A Director, 2 Actresses - And A Film On Working Moms -- Savoca Enlists Jean-Baptiste, Perez For `24 Hour Woman'

For her performance as Brenda Blethyn's unexpected British daughter in Mike Leigh's "Secrets and Lies," Marianne Jean-Baptiste earned a supporting-actress Oscar nomination.

Since then, this London native has played a number of American parts, most notably in last year's Eric Stoltz comedy, "Mr. Jealousy," and in Nancy Savoca's "The 24 Hour Woman," in which she co-stars with another recent supporting-actress Oscar nominee, Rosie Perez ("Fearless").

In Savoca's movie, which opens here today, the actresses play mothers who co-produce a New York television talk show while trying to satisfy their husbands and babies.

Jean-Baptiste, who followed up her acting job in "Secrets and Lies" by composing the jazz score for Leigh's "Career Girls," thinks she has so little trouble with changing nationalities because she's musically inclined.

"I think probably it's because I've got an ear for music, an ear for accents," she said by phone from a New York hotel. "People say there's a standard American accent, but is there?

"I like to be specific, to find what people in Queens and the Bronx sound like. It's sort of like a hobby, like a thrill. I went to Queens and talked to people. Shopping is the best place to do it. I talk to the sales staff, try stuff on. That's when you really hear what they're like."

A veteran of the independent film scene, Savoca hasn't been able to get a film financed since "Household Saints" (1993), but she did attract Perez and Jean-Baptiste, largely on the basis of her record as a director of strong women's pictures ("True Love," the filmed-in-Seattle "Dogfight").

"Seeing her films, and having the chance to work with Rosie, made me want to do it," said Jean-Baptiste. "And I hadn't seen a story like this, with parenthood shown from this perspective. It's kind of sending up things like `Three Men and a Baby' and `Baby Boom,' which are coming from a different place."

Jean-Baptiste was actually pregnant during the filming. Her daughter is now nine months old; she could be heard quite plainly in the background on the phone. From time to time, the actress interrupted the interview to take care of her. It could have been a scene from the movie, in which her character is constantly trying to balance career and motherhood.

"But I tried not to take pointers from the script," she laughed. The two mothers get pretty stressed-out during the course of the film.

"Characteristically I tend not to get frenzied," said Jean-Baptiste. "I tend to be quite sort of calm about things, though when I see my daughter with a piece of paper or tissue, or just about to swallow something, or just about to reach for a pair of scissors, I run as fast as I can. Sometimes I frighten her."
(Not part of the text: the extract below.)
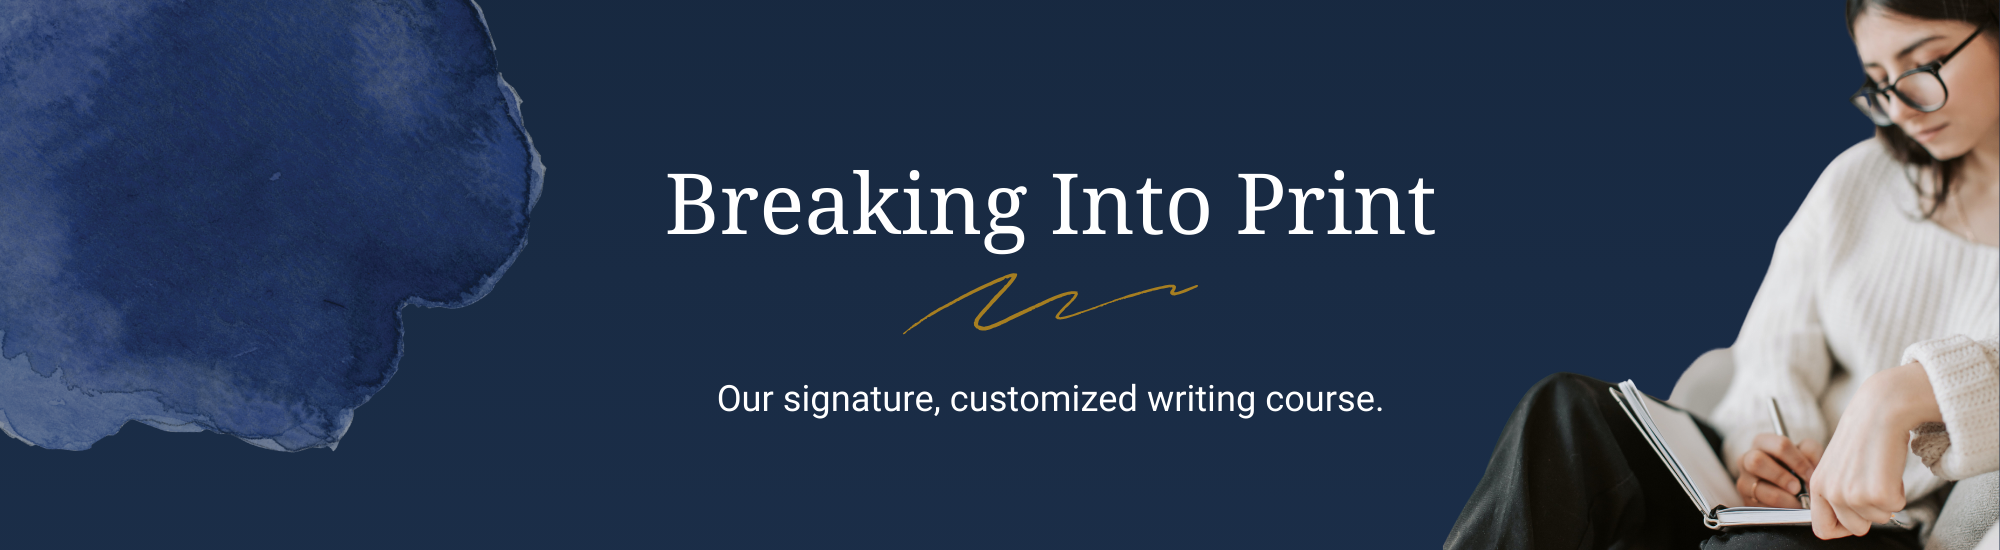 Breaking into print. Our signature, customized writing course.

In the movie, there's a big contrast between Perez's character, Grace, who is pregnant with her first child, and Jean-Baptiste's Madeline, who has children and a husband, Roy (Wendell Pierce), who takes care of the kids. Grace's husband, Eddie (Diego Serrano), is too busy and ambitious to be much help.

"Madeline is there basically to serve and support Grace," said Jean-Baptiste. "I think the difference between the marriages is that Madeline and Roy's is a longer marriage, and they talk a lot. They talk more than Grace and Eddie. That's very important."

One reason Jean-Baptiste and her screen husband look so comfortable together: they got acquainted during the filming.

"We went out, had dinner, talked a lot," she said. "He'd done a lot of theater, and so had I." Although not much of the script was improvised, "some of it just came when Wendell and I started working together."

Not all of Jean-Baptiste's completed films have been given this kind of release. "How to Make the Cruelest Month" was screened at last year's Seattle International Film Festival ("it hasn't found a home yet," she said), and "Murder of Crows," co-starring Cuba Gooding Jr., made its debut on cable this month. "The Man" and "The Murder of Stephen Lawrence" could also turn up at any time.

She's starring next in "New Year's Day," a London-based film about a counselor who works with two men who have made a suicide pact.

All of Jean-Baptiste's film work has been very different from her movie debut in "Secrets and Lies," which, like all Leigh films, began without a script. Even a director as independent as Savoca begins to seem normal compared to his methods.

"Basically she works in a very conventional type of way, talking about character, rehearsing before shooting, etc.," said Jean-Baptiste. "We just got on with it. She's very sort of hands-on, asking how we felt about scenes, if we felt anything was wrong.

"She was very open to discussing and changing things. She'd say it's yours now, feel free to do your thing basically - which is really the sort of freedom you need to work."